If you’ve tried to build a scalable distributed system in Python you could be excused for thinking that the world is conspiring against you; in spite of Python’s popularity as a programming language for everything from data processing to robotics, there just aren’t that many options when it comes to using it to create resilient stateful applications that scale easily across multiple workers. About a year ago we created the Wallaroo Python API to help address this problem. At the time we were working with some potential customers who were still using Python 2.7, so that’s what we targeted.
When we created the original Wallaroo Python API, we knew that we would eventually want to add support for Python 3, but Python 3 adoption was still moving slowly and we felt that there were other more pressing technical challenges to address first. But as time went on, we drew closer and closer to the last day of Python 2.7. Finally, GitHub user caj-larsson offered to help us with the initial work to get Python 3 support off the ground.
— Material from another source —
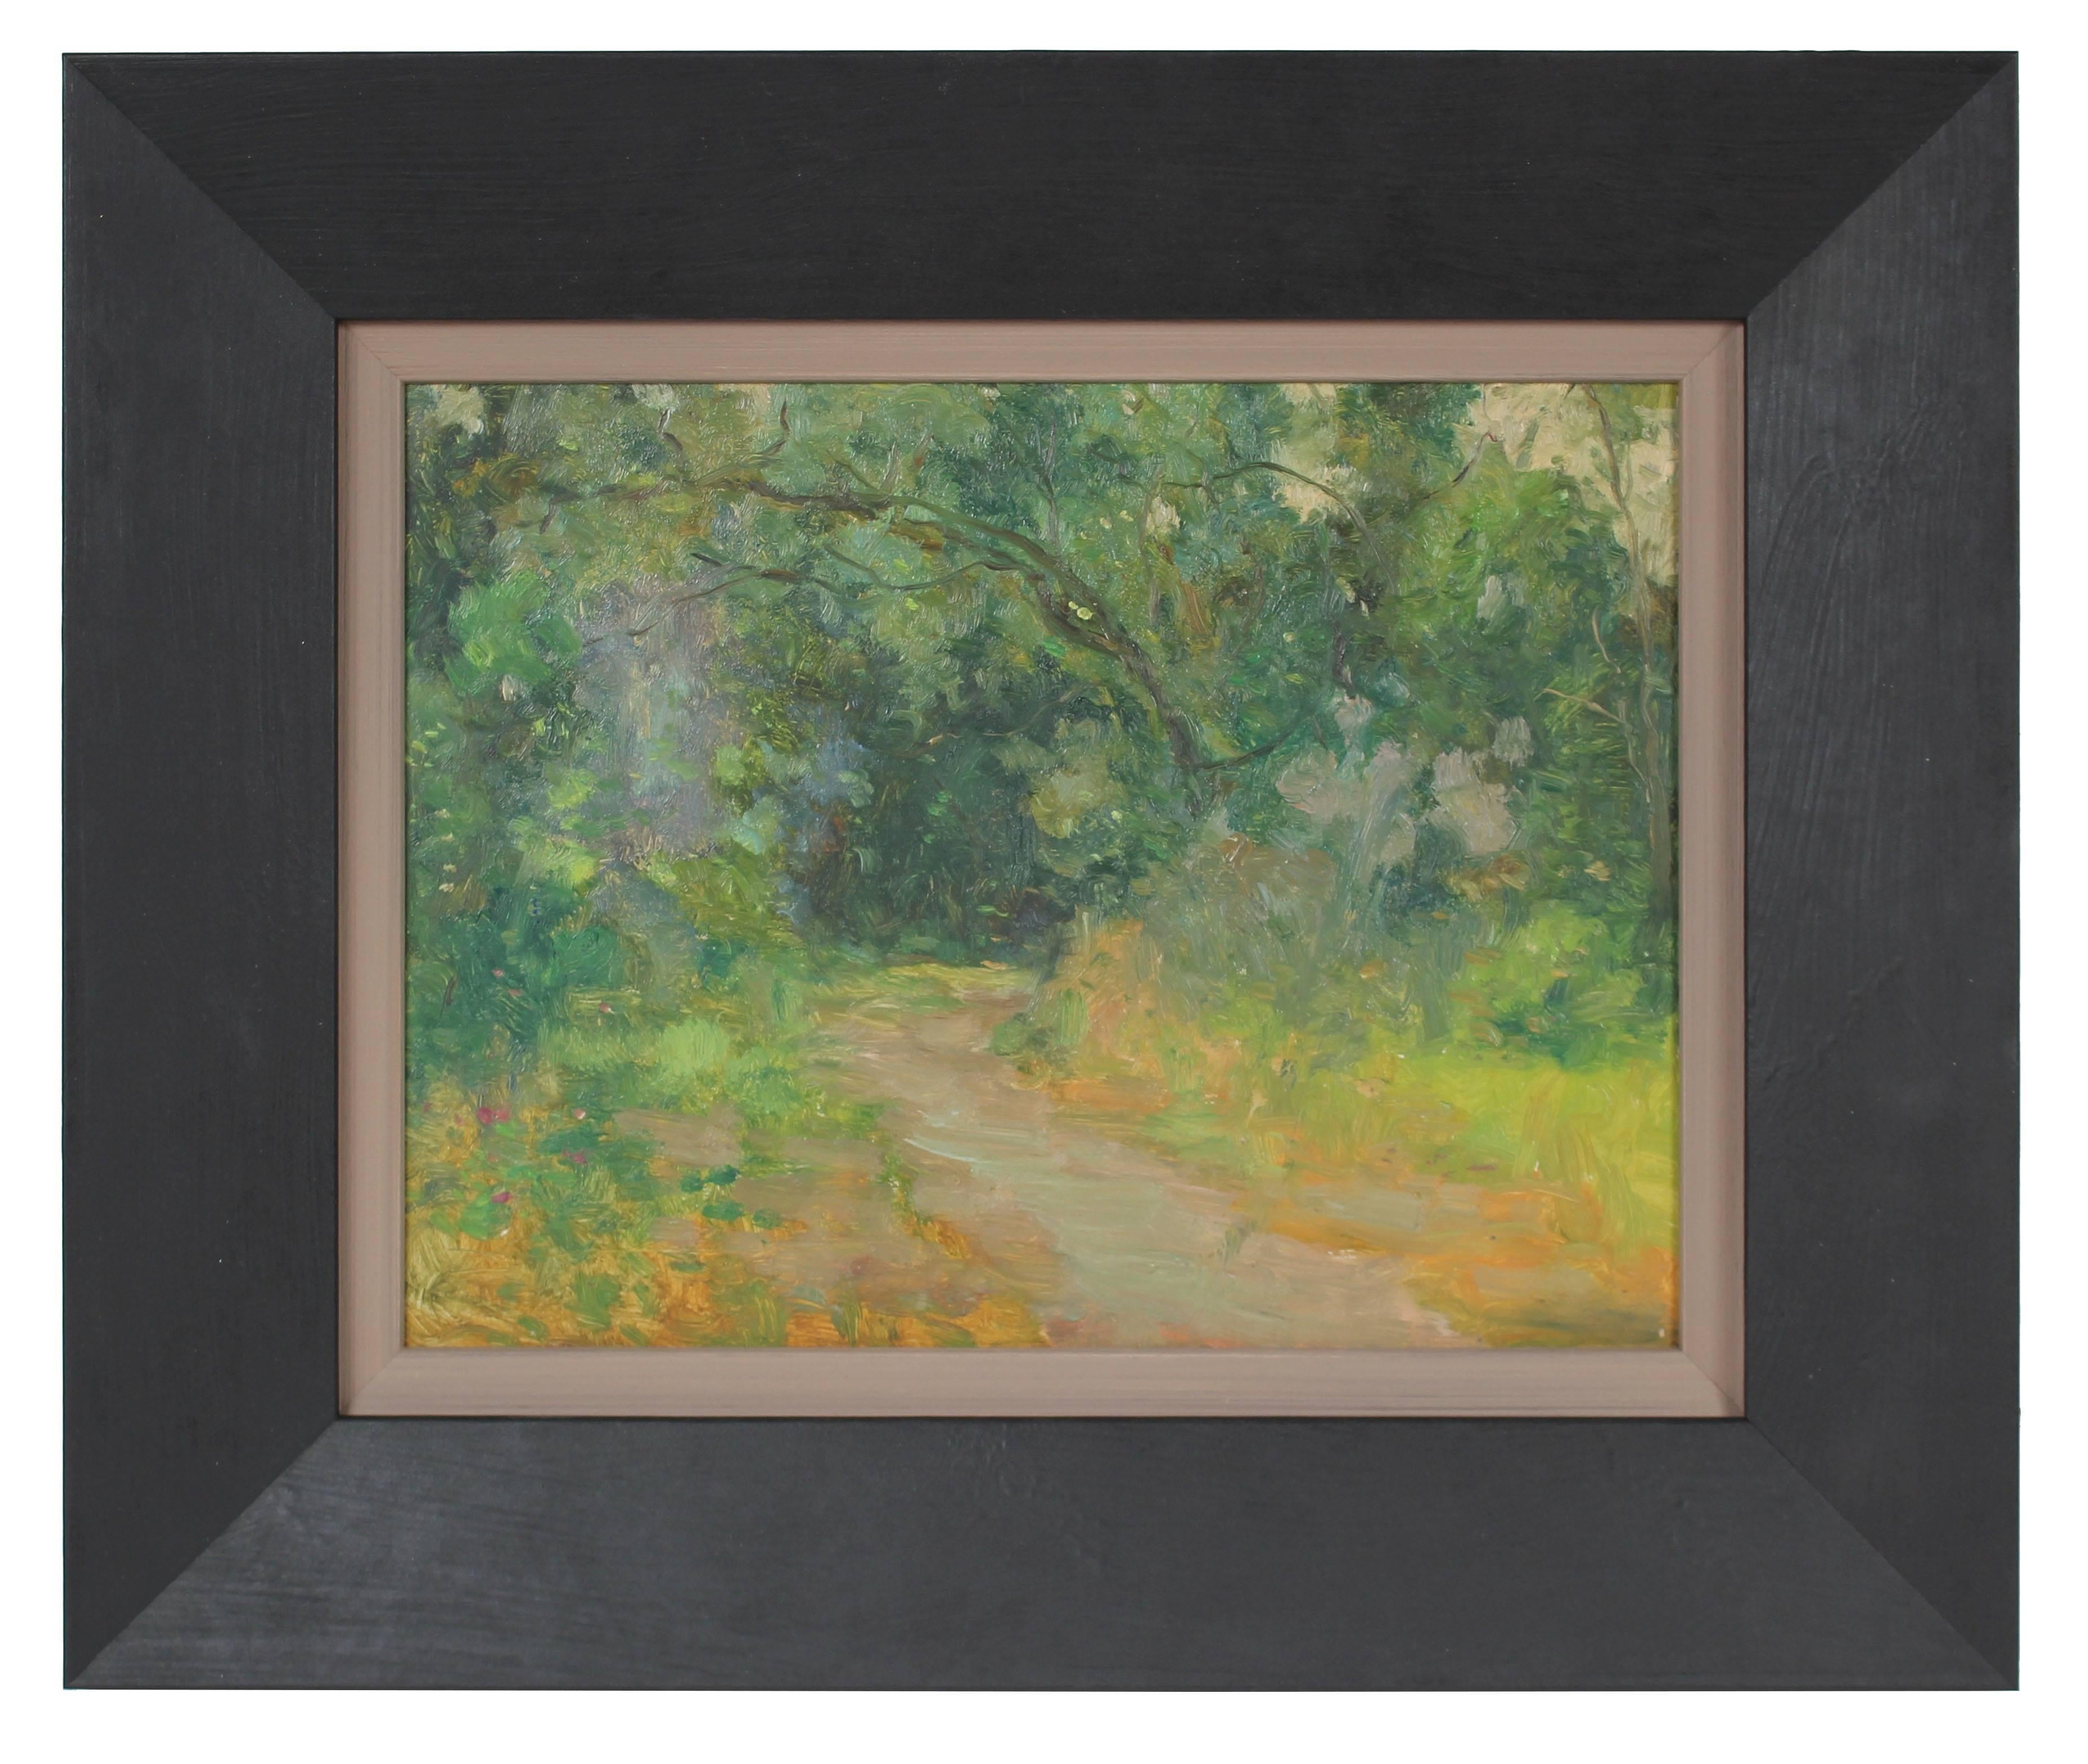 Duncan Davidson Landscape Painting - Lush Impressionist Landscape, Oil Painting, Circa 1920s

If you’re familiar with what Wallaroo is, feel free to skip the next section.
What is Wallaroo
Wallaroo is a framework designed to make it easier for developers to build and operate high-performance applications written in Python. It handles the complexity of building distributed streaming data processing applications so all that you need to worry about is the domain logic.
Our goal is to make sure—regardless of where your data is coming from—that you can scale your application logic horizontally. All while removing the challenges that otherwise come with distributed applications.
From Python 2 to Python 3
Wallaroo’s API was already Python 3 compatible, so the only changes Wallaroo needed were internal to the Wallaroo Framework. This allowed support to be added without introducing incompatibilities with existing applications. All of our examples work with both Python 2 and Python 3. But your application code can now use functions and constructs that only exist in Python 3, as well as libraries that are written in Python 3.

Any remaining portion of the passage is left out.